HIRUVANANTHAPURAM: In what could be described as a major potential health hazard, the bacteria in the Pampa river is becoming resistant to almost all the antibiotics that are used commonly, a study report by a team of scientists in the Kerala University found. Pampa being the major halting point for the Sabarimala pilgrims, the fact that the river is infested with E.coli has been reported earlier by a number of studies including that of the State Pollution Control Board. However, it is for the first time that a scientific study is pointing out the dangers of this E.coli becoming resistant to many antibiotics.
A Gangaprasad of the KU Department of Botany and Jayachandran V P of Sree Narayana Guru Institute of Science and Technology, who conducted the study over a two-year period, have found that this resistance to antibiotics can be transferred to other microbes and a host of other animals and fish and probably back to humans through the food chain.
``Devotees come from various states and many of them could be on antibiotics for various diseases or as part of self-medication. When the faecal contamination happens, all this goes into the flowing water and this would facilitate the drug-resistant E.coli to move into other environments such as that of Vembanad Lake and Kuttanad,’’ said Jayachandran, who had analysed multiple water samples from six different collection points at Pampa.
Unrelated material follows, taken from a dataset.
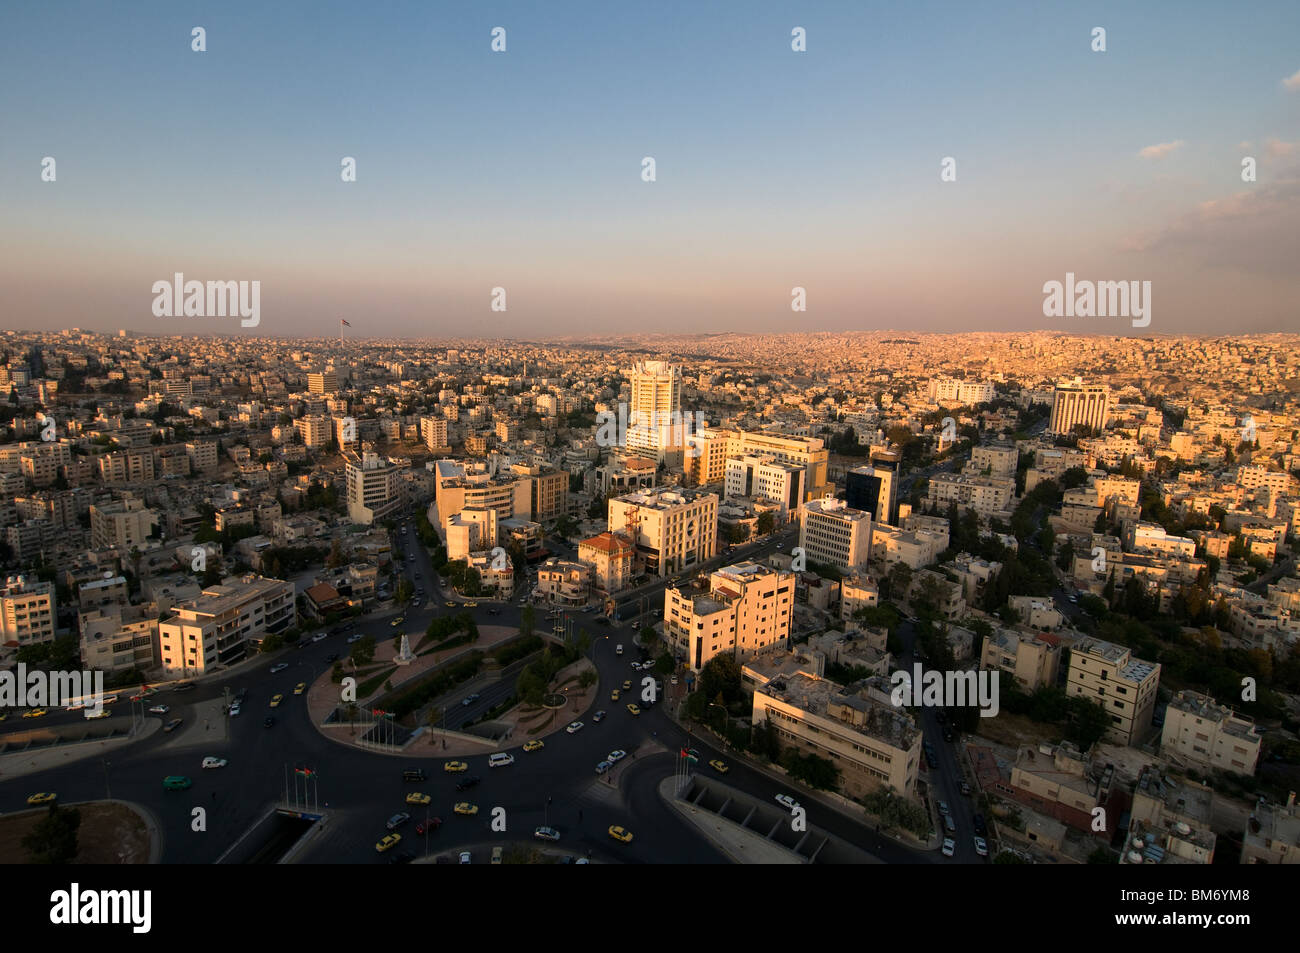 General view of downtown Amman capital of the Hashemite Kingdom of Jordan Stock Photo
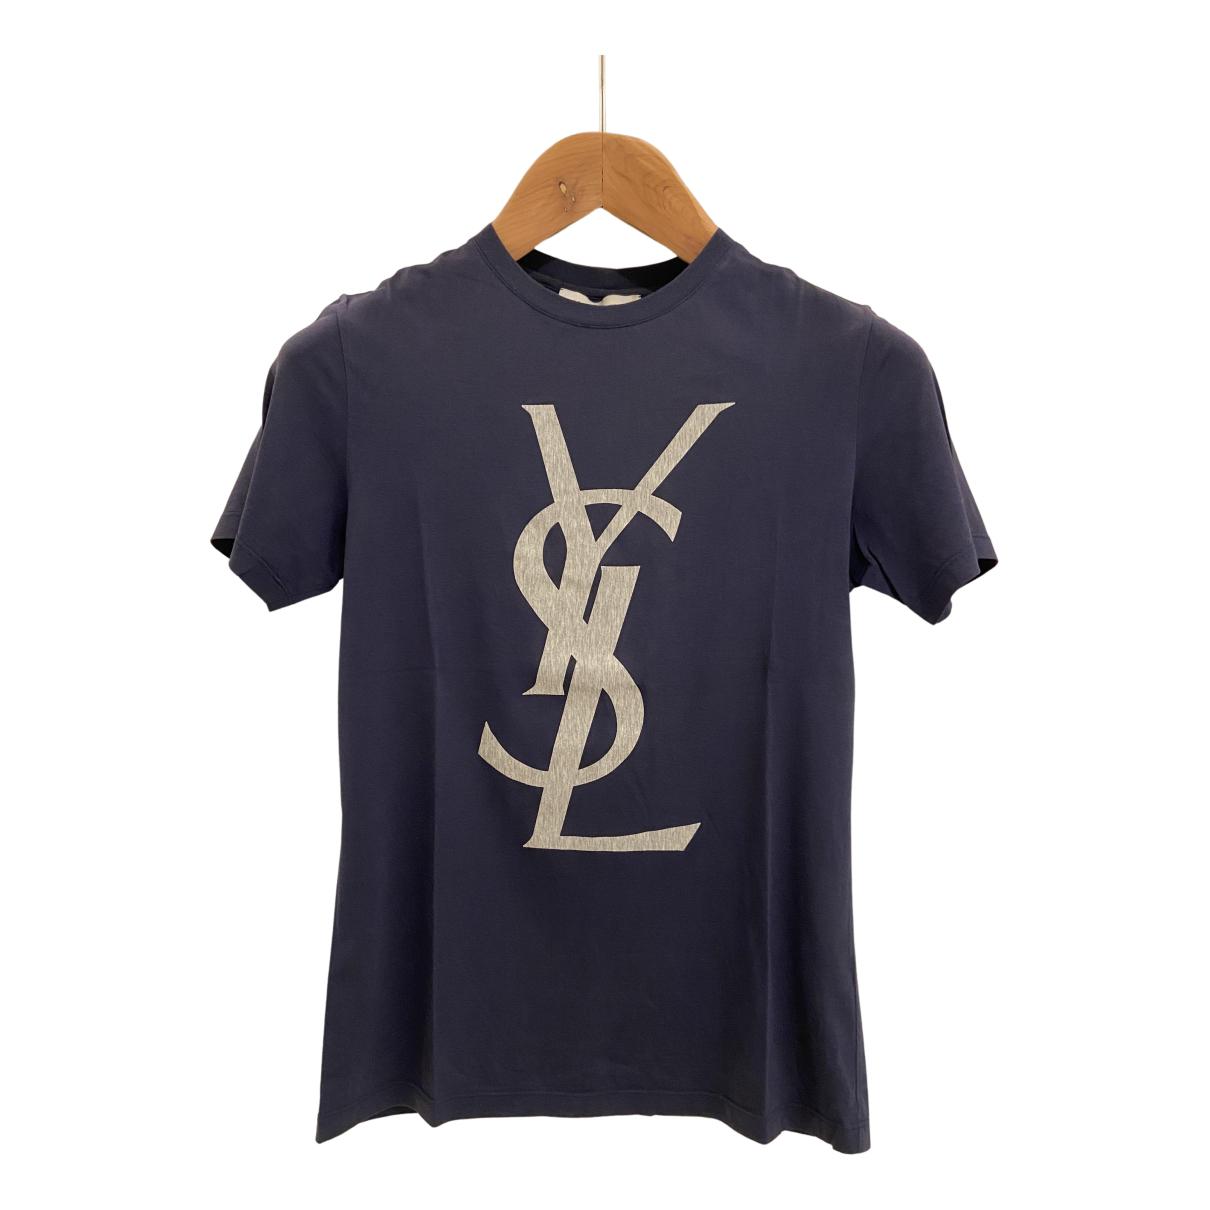 T-shirt Yves Saint Laurent Navy size XS International in Cotton - 29971816

The study team has found that while the E.coli in Pampa is showing almost complete resistance to penicillin, over 60 percent of them showed resistance to the broad spectrum antibiotic, tetracycline. ``If E.coli can develop such strong resistance to this drug, it is only a matter of time before other bacteria become resistant as well, as E.coli has the capability to transfer resistance traits,’’ said Gangaprasad. The antibiotic resistance gets transferred from one bacterium to another by genetic recombination among bacteria.
The E.coli also showed almost fifty percent resistance to ciprofloxacin, amoxicillin and ampicillin. But what is most worrying is that as much as 94 percent of the bacteria showed resistance to multiple antibiotics. Even worse, 45 percent of the bacteria showed resistance to five antibiotics.